Task 2: Deciding to Shift Initiative

Once the agent has determined who is holding task initiative, it needs to assess whether it is appropriate to encourage a shift in task initiative. To aid in this decision-making, the agent keeps track of the level of task initiative shifts via two measures: 1) the average number of task initiative shifts over all dialogue turns, and 2) the average number of shifts in the last ten dialogue turns. For both measures, dialogue turns include both utterances and drawing actions. These computations are done in real time, and hence represent the average level of task initiative shifts based on what has transpired in the dialogue so far. The agent will encourage task initiative shifts when the smaller of the two measures of automatically recognized task initiative shifts falls below a threshold of 0.2159, and if the student’s knowledge score, according to the student model, has not increased again since the last time the agent made a move to promote a task initiative shift. The threshold value was calculated from corpus data and is the average number of task initiative shifts per KCC episode, occurring in list problems in the human peer interactions. The additional condition concerning improvement in the student’s knowledge score is due to our attempt to encourage initiative shifts in order to increase learning.

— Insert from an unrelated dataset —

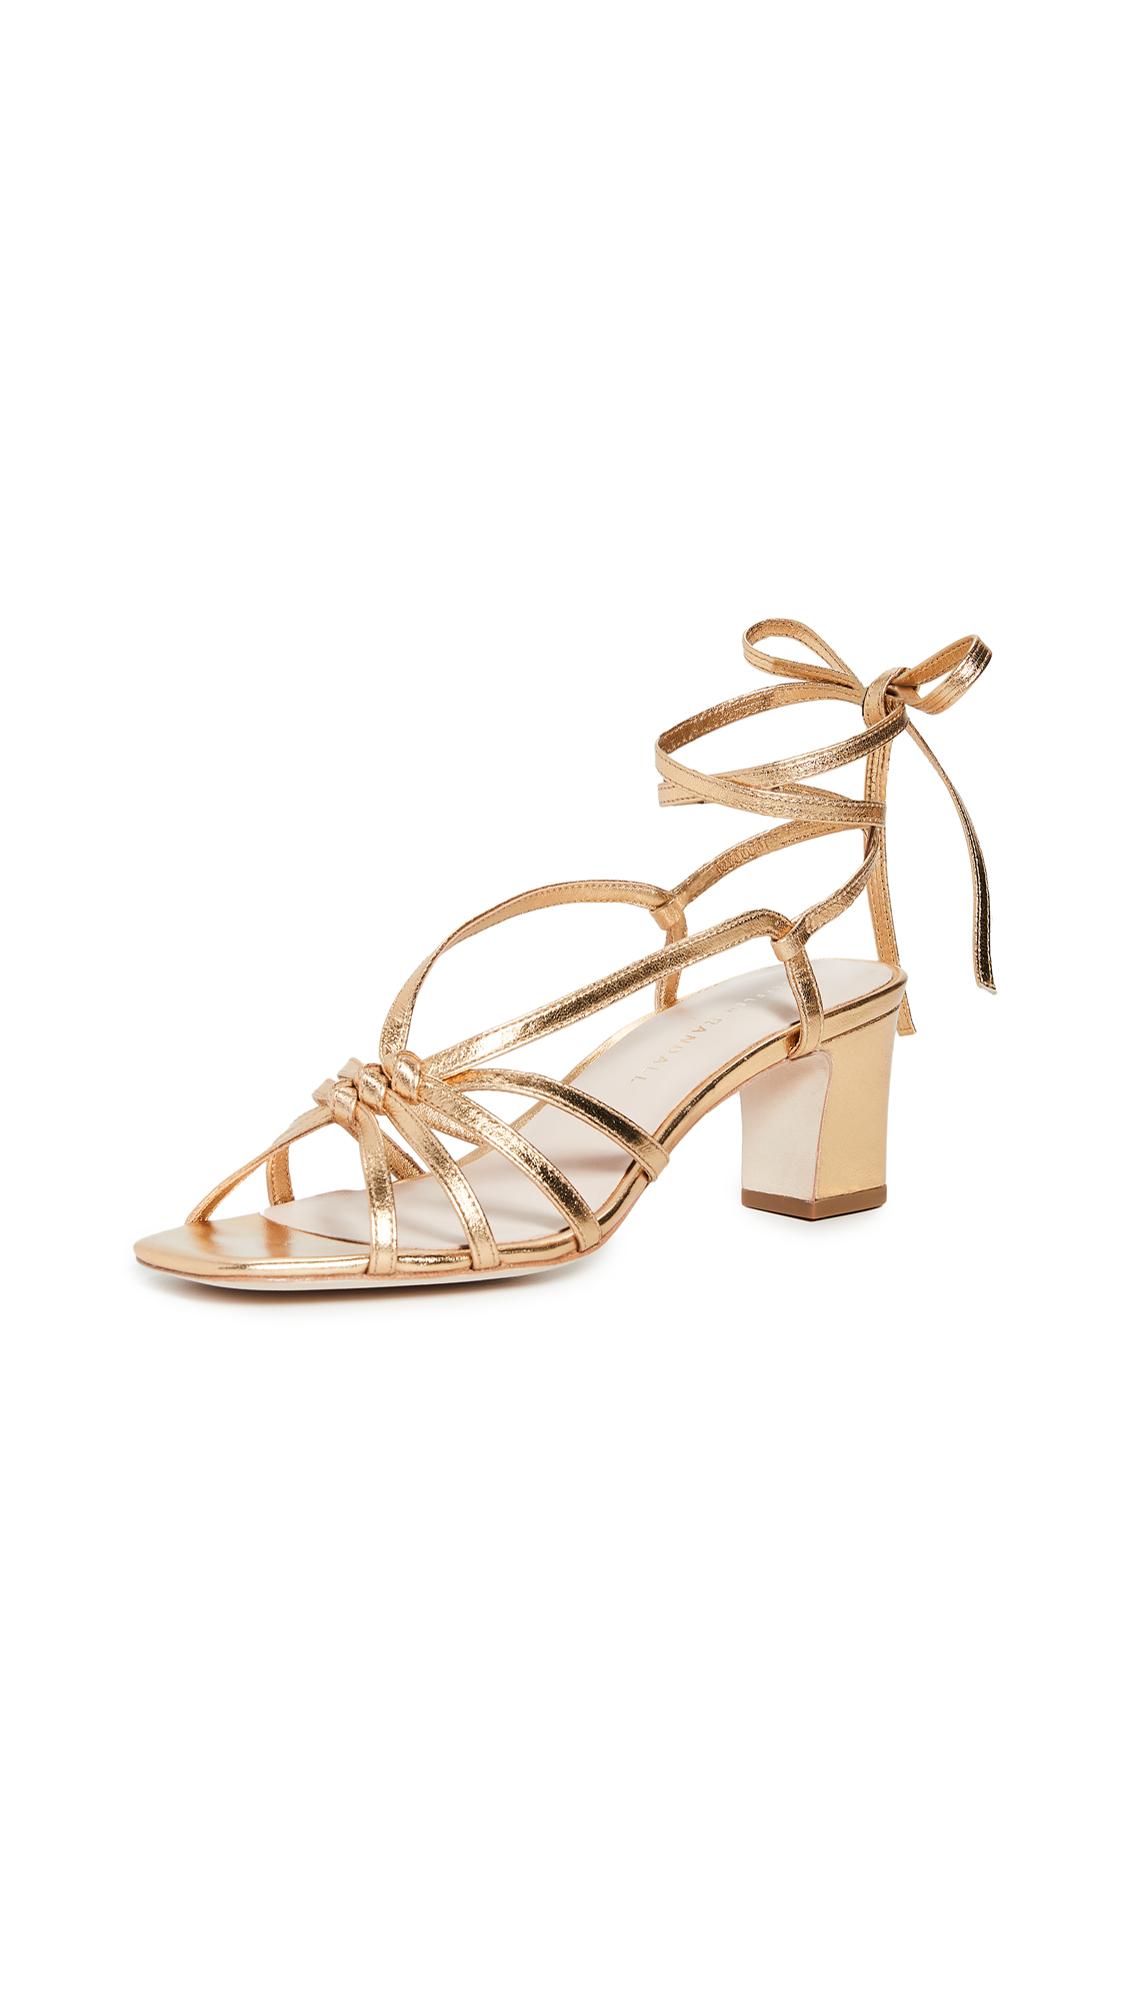 Buy Loeffler Randall Libby Knotted Wrap Sandals online, shop Loeffler Randall

Task 3: Discourse Moves that Engender Task Initiative Shifts

When KSC-PaL decides that task initiative should shift to the human peer, it needs to generate appropriate discourse moves to invite the peer to take initiative. We further analyzed our human-human corpus in view of the literature that identifies discourse moves for task initiative shifts (Walker and Whittaker 1990; Chu-Carroll and Brown 1998; Shah et al. 2002; Bhatt et al. 2004). Those moves are (see their respective frequencies in Table 1):

Hedge: :

A hedge is a mitigating device used to lessen the impact of an utterance, such as could in the sentence That could be wrong. The function of hedges has been studied in an educational context–for example, by Evens and her students–and shown to correlate with students’ uncertainty (Shah et al. 2002; Bhatt et al. 2004). In turn, the perception of the partner’s uncertainty is an indication to the peer that they should take initiative.

Request feedback: :

When uncertain of his/her contribution, a student may request an evaluation from their peer.

Issue invalid statement: :

An utterance that expresses incorrect propositional content

Give-up task: :

An utterance that indicates the contributor is giving up on the task

Prompt: :

An utterance that does not express propositional content (e.g., ok, yeah).

Pause: :

A silence of 60 s or more after an utterance or action, computed automatically

Table 1 “Shifters”: discourse moves to shift task initiative

Given the availability of the moves to invite a partner to take initiative and our annotation for task initiative that we discussed earlier, we then explored the following questions relative to our corpus of human-human dialogues:

  1. 1.

    How often does task initiative shift to the partner, after one of these moves is used? We found that 283 shifts in task initiative or approximately 67 % of all task initiative shifts occurred in response to one of these moves.Footnote 5 The remaining shifts were likely an explicit takeover of initiative without preceding moves that encourage shifts.

  2. 2.

    Conversely, how effective is each type of move to engender a shift in task initiative? Table 1 shows the number and percentage of instances of each move that resulted in a task initiative shift. The most likely move to lead to a task initiative shift was an invalid statement.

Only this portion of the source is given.